Most people are not subject to Federal Estate and Gift Tax because its exemption is currently set at $12,920,000, the amount one can give during a lifetime or at death to anyone, free of estate and gift tax. Once assets get above that figure, one’s estate at death could be subject to an estate tax of 40% for amounts over the exemption.
This amount is indexed for inflation and will sunset on January 1, 2026, to half of the inflation-adjusted amount, roughly $6,700,000. Gifts or bequests to spouses get a 100% deduction so the goal of higher net-worth married couples is to take advantage of both spouse’s exemptions. For such married couples, what can they do now to preserve the current exemption levels in the event of a sunset?

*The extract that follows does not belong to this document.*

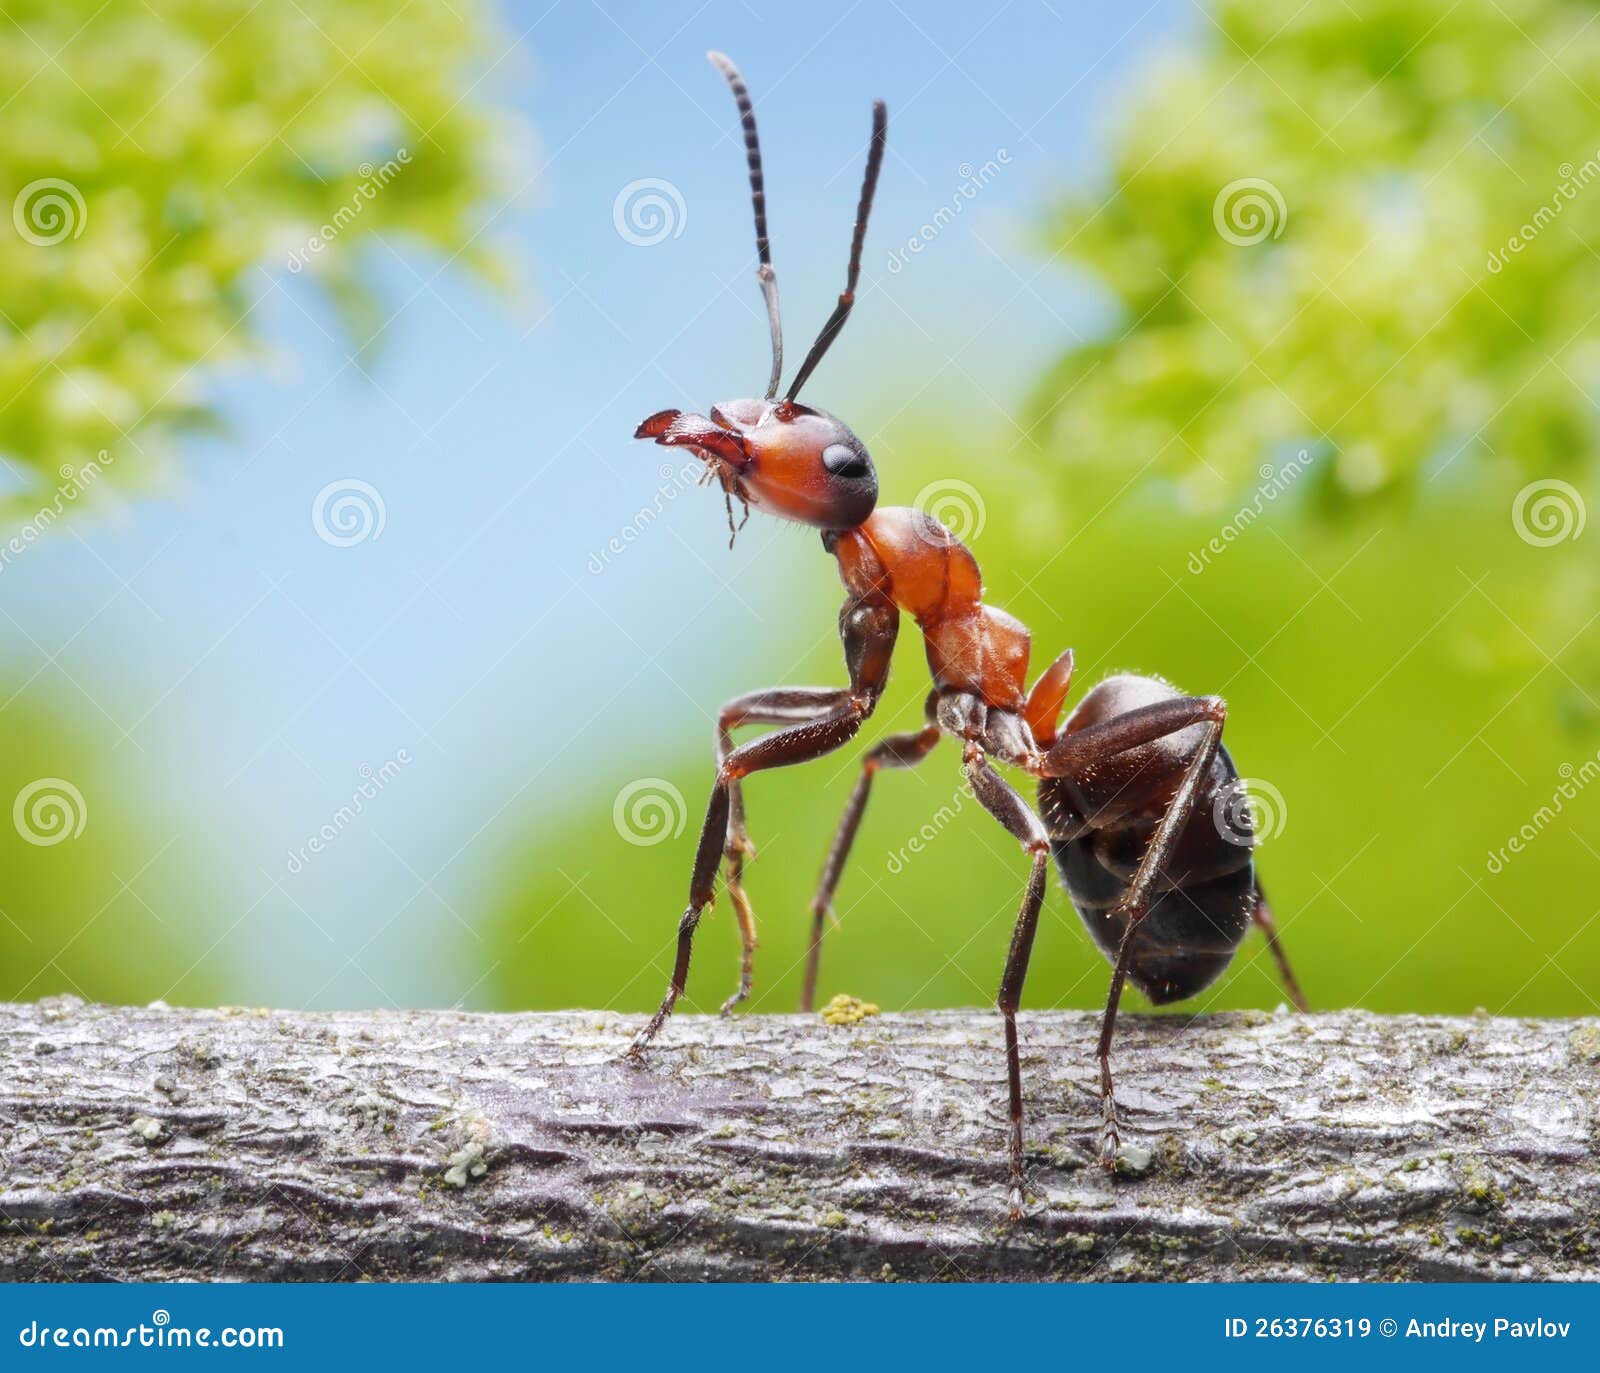 graceful ant on branch

The Spousal Lifetime Access Trust
A Spousal Lifetime Access Trust (SLAT) is an irrevocable trust created and funded by one spouse to benefit the other (and could also benefit other family members). The settlor, or “donor spouse,” uses their current gift tax exemption to make a gift to the SLAT, and the other spouse, the beneficiary spouse, is named as a current beneficiary. While the donor spouse would give up rights to the assets transferred into the trust, the beneficiary spouse maintains access to those assets. There can be flexibility in the structure of the trust such as the beneficiary spouse changing the future flow of the trust assets.
Tax advantages of the SLAT include utilizing current estate and gift tax exemption levels to protect against the possibility of future sunsetting. For example, if a spouse (the grantor) creates a SLAT for the benefit of the other spouse (the beneficiary) and funds it with the current exemption amount of $12,920,000, the beneficiary will have access to those assets. If exemption sunsetting occurs, the amount reduces to roughly $6,700,000 The top estate rate is currently 40% so in the scenario above the federal estate and gift tax savings would be $2,680,000 ($6,700,000 x 40%= $2,680,000). This amount is only the amount contributed to the trust. Growth on the trust would also be excluded from federal estate and gift tax.
SLATs are taxed as grantor trusts for Federal income tax purposes, meaning the grantor pays the income tax on any earnings of the trust. This gives the trust the potential to grow without Federal income taxes being paid by the trust, and payment of those taxes by the grantor is not considered an additional gift. Pennsylvania does not recognize grantor trusts so PA state income tax will have to be paid by the trust.
There are some basic considerations for a SLAT. The trust must be irrevocable, and the grantor cannot retain any beneficial interest in the SLAT. The beneficiary spouse, and perhaps other family members if included as current beneficiaries in the trust document, are the ones who could benefit from the trust. However, a primary benefit is the SLAT assets and growth will not be included in the grantors or beneficiary spouses’ estate. A SLAT’s overall goal is to become the resource of last resort for the beneficiary spouse, allowing for long-term growth to be outside both spouse’s combined estates. However, the downside risk for the grantor spouse would be a divorce from or death of the beneficiary spouse.
The trustee (the person or organization who manages the assets of the trust) can be the beneficiary spouse of the SLAT, however, the grantor spouse cannot serve as trustee.
The primary beneficiary of the SLAT is the spouse of the donor. Children, grandchildren, and other descendants may also be named as either current or future beneficiaries. When the SLAT continues beyond the lifetime of children, additional tax matters need to be considered. Generation-skipping tax exemption can also be utilized if it is desired that the trust continues for the benefit of grandchildren and beyond.